Hafta sonu yurt çapında çıkan orman yangınları özellikle Ege bölgesi ve İzmir çevresinde yoğunlaştı. Ülkenin üçüncü büyük kentinde ancak üç günde kontrol altına alınabilen yangında yüzlerce hektar kül olurken, içlerinde bizlerin yüreklerinin de olduğu gibi, çok sayıda canlı yandı, zarar gördü.

Yaz aylarında hava sıcaklıklarının artmasıyla orman yangınları dünyada sıkça karşımıza çıkmaktadır. Ama aynı günde aynı saatlerde farklı bölgelerde başlayan yangınların, art niyetle ve belli amaçlarla çıkarıldığı açıktır. Bu katliama sebep olanlardan devlet ve kamuoyu mutlaka hesap sormalıdır ve rant uğruna bu gözü dönmüşlükleri yapanların ve sonuçlarından avanta sağlayacakların çanlarına ot tıkanmalıdır. Yangını çıkartanlara karşı alınan tedbirlerin eksikliği, yangını söndürmedeki yetersizliklerle birleşince ortaya büyük bir çaresizlik çıktı. Üç gün boyunca yangına uçakla müdahale edilememesi kamuoyunda bolca tartışıldı. 2010lu yılların başından beridir, kendi milli uçağını uçaracağını iddia eden bir ülkede, yangında uçakların motor arızası ve diğer sebeplerle havalanamaması tam bir çelişkiydi. Oysa Türkiye'de 35 yıldır yangın söndürme faaliyetlerini Türk Hava Kurumu gerçekleştiriyordu. Kurum, Avrupa'nın en büyük uçak yangın hava söndürme filosuna sahip. Fakat bu yıl yapılan ihaleyi kazanan özel helikopter şirketinin elinde hiç yangın söndürme uçağı bulunmuyordu. Bu sebeple yangınlara sadece helikopter ile müdahale edilebildi. Bu işin uzmanı değiliz ama devletin yangın söndürme gibi hayati bir konuyu ihale ile birilerine vermesi sizlere de garip gelmiyor mu?

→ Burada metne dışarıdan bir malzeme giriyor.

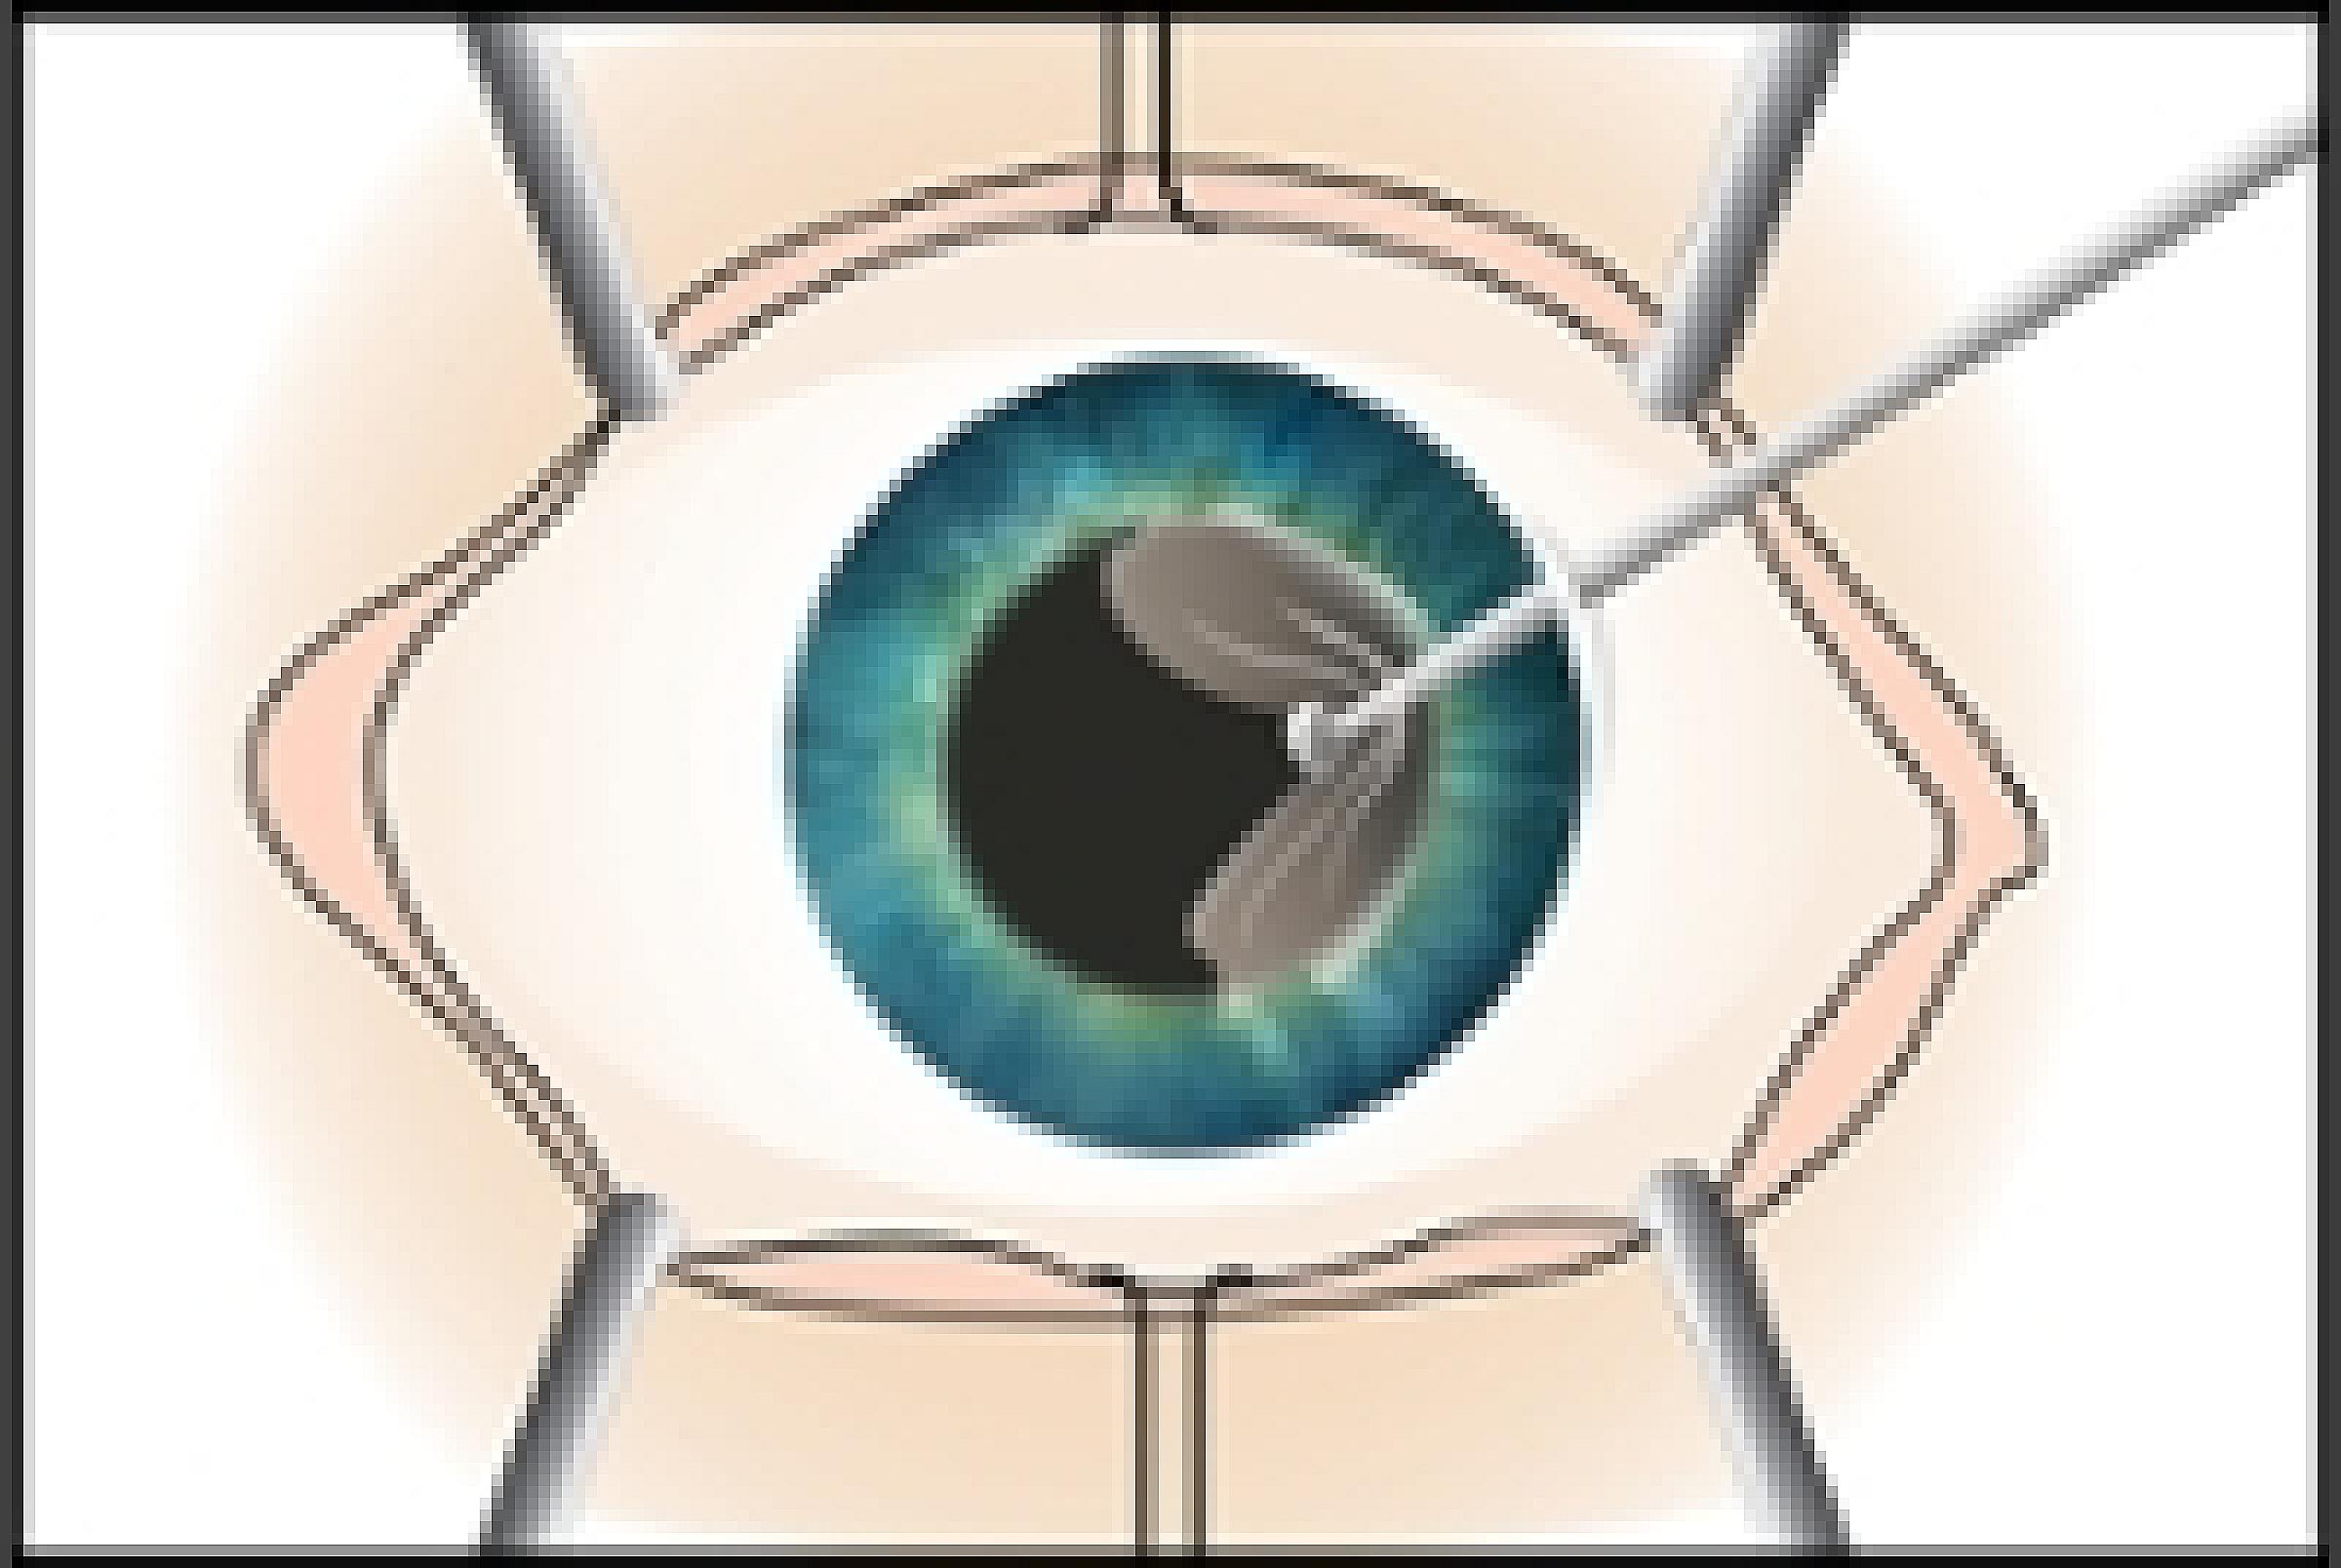 Surgeon removes the diseased/ damaged cornea

THK'nın eski başkanı Erdoğan Karakuş, uçakların yangın bölgesine helikopterlerden üç kat daha hızlı ulaşabileceğini ve daha yüksek su boşaltma kapasiteleriyle söndürme işleminde çok daha etkili olabileceğini vurguladı.
Karakuş, 2002'de Marmaris'te yaşanan yangına dair bir örnek vererek söndürme işleminde uçakların önemini şöyle açıkladı: "2002'de Marmaris'teki bir orman yangınında Bakanlık sadece helikopterleri denemek istedi. Beni arayıp 'THK uçakları bu yangına karışmasın' dediler. Marmaris tam üç gün yandı ve alevler kontrol edilemeyince bizi yeniden göreve çağırdılar. Biz müdahale edince söndürdük. Tam 165 yangına uçaklarımızla müdahale ettik ve tamamını kısa sürede söndürdük." Siz dostlarıma sormak istiyorum, bir yangına müdahaleyi, başka bir yöntemi denemek için engellemeyi aklınız alıyor mu?

Şimdi yaraları sarma ve bu talana karşı uyanık olup, dirençli olma zamanı. Yangında orman vasfını yitirmiş arazilerin akıbeti, bu katliam gibi yangınlarda can vermiş canlıların namusu adına bize yüklenmeli. Hepimiz, aylar, yıllar geçse de, bu arazilerin namus bekçileri olmalıyız. Bu alanların yeniden yeşillendirilmesi, hepimizin tabiat anaya ve vicdanlarımıza karşı bir borcu olmalıdır.